**MATERIAL PROVIDED:**
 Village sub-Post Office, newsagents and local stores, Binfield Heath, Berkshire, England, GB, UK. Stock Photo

---

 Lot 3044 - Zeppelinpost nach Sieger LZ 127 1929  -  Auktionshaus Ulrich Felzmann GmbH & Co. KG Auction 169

...

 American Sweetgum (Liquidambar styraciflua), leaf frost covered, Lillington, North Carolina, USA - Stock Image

**TASK DETAILS:** For this exercise, find all lines in the records containing the word "Stock" and copy them.

**WRITTEN REPLY:**
 Village sub-Post Office, newsagents and local stores, Binfield Heath, Berkshire, England, GB, UK. Stock Photo
 American Sweetgum (Liquidambar styraciflua), leaf frost covered, Lillington, North Carolina, USA - Stock Image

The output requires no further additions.